Provided material:
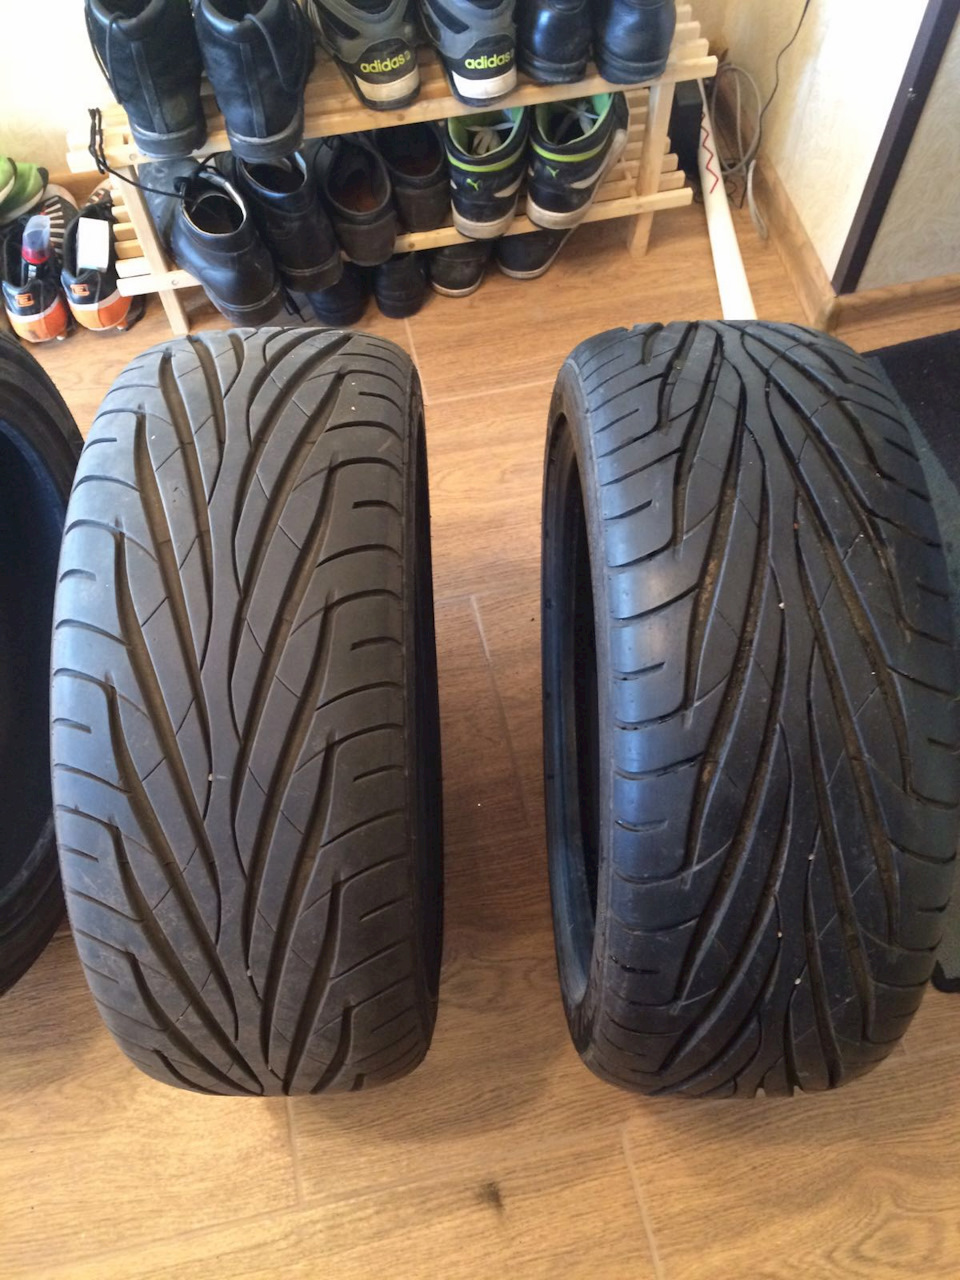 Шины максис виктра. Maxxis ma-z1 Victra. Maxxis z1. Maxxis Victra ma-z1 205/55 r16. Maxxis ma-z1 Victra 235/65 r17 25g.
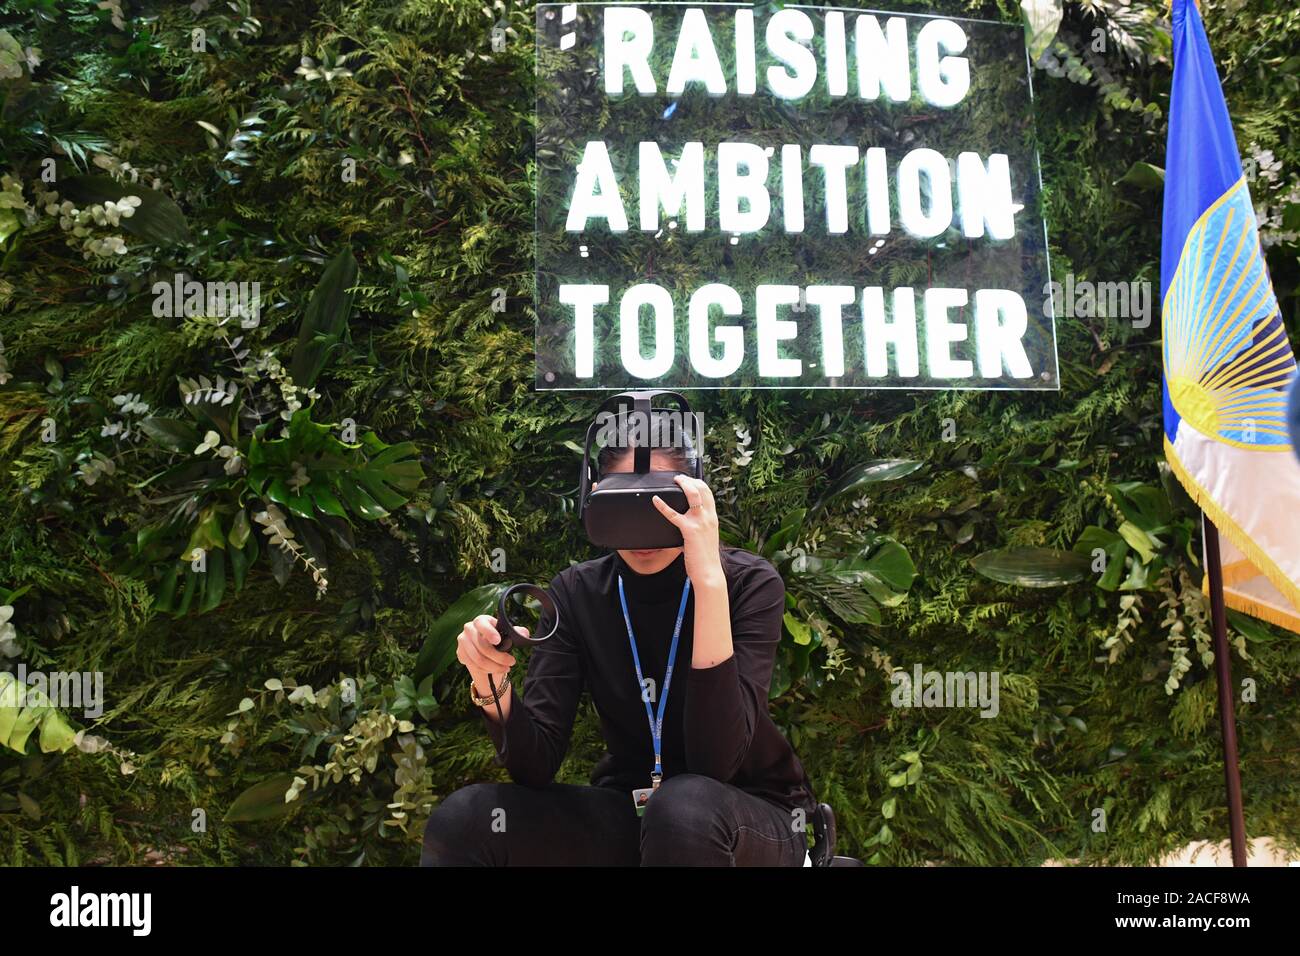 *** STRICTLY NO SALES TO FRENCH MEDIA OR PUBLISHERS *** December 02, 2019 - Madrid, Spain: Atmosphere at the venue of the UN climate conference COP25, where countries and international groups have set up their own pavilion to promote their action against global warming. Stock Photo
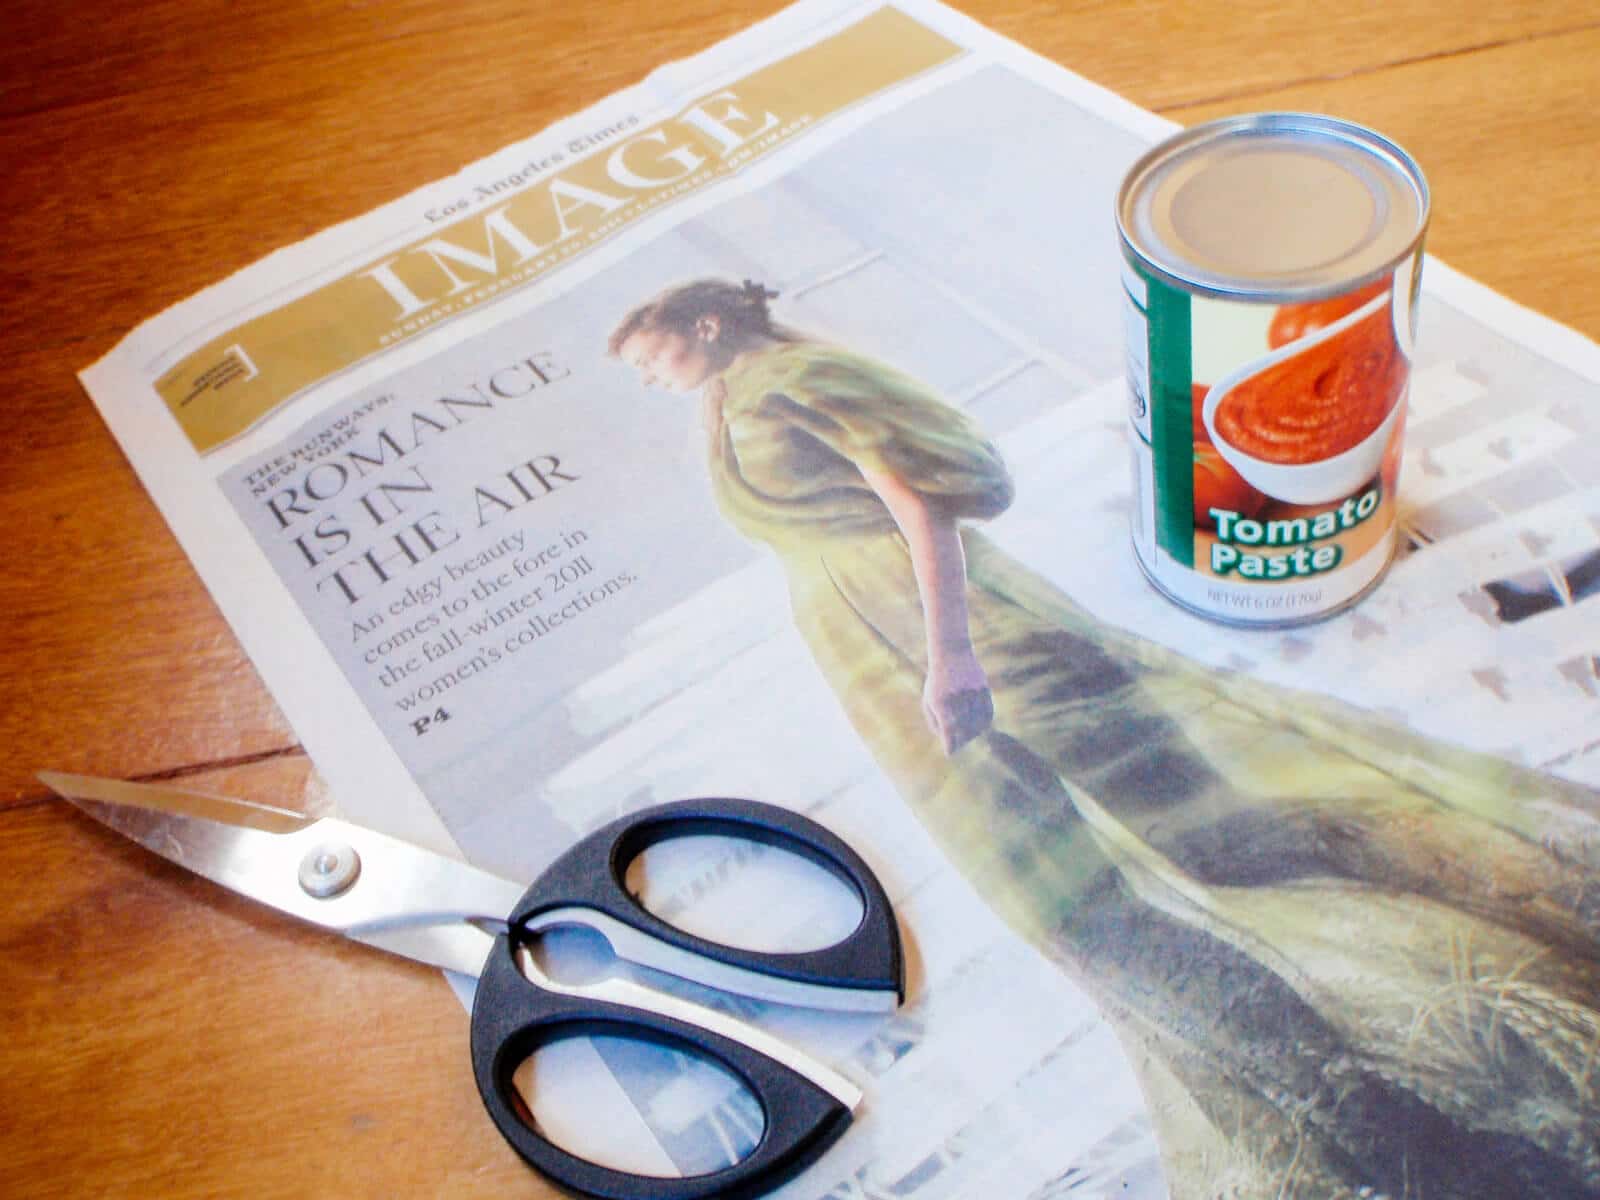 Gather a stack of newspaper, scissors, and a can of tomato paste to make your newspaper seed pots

Task prompt: A verbatim copy of the listing, with all pictures removed, is required.

Expected output:
 Шины максис виктра. Maxxis ma-z1 Victra. Maxxis z1. Maxxis Victra ma-z1 205/55 r16. Maxxis ma-z1 Victra 235/65 r17 25g.
 *** STRICTLY NO SALES TO FRENCH MEDIA OR PUBLISHERS *** December 02, 2019 - Madrid, Spain: Atmosphere at the venue of the UN climate conference COP25, where countries and international groups have set up their own pavilion to promote their action against global warming. Stock Photo
 Gather a stack of newspaper, scissors, and a can of tomato paste to make your newspaper seed pots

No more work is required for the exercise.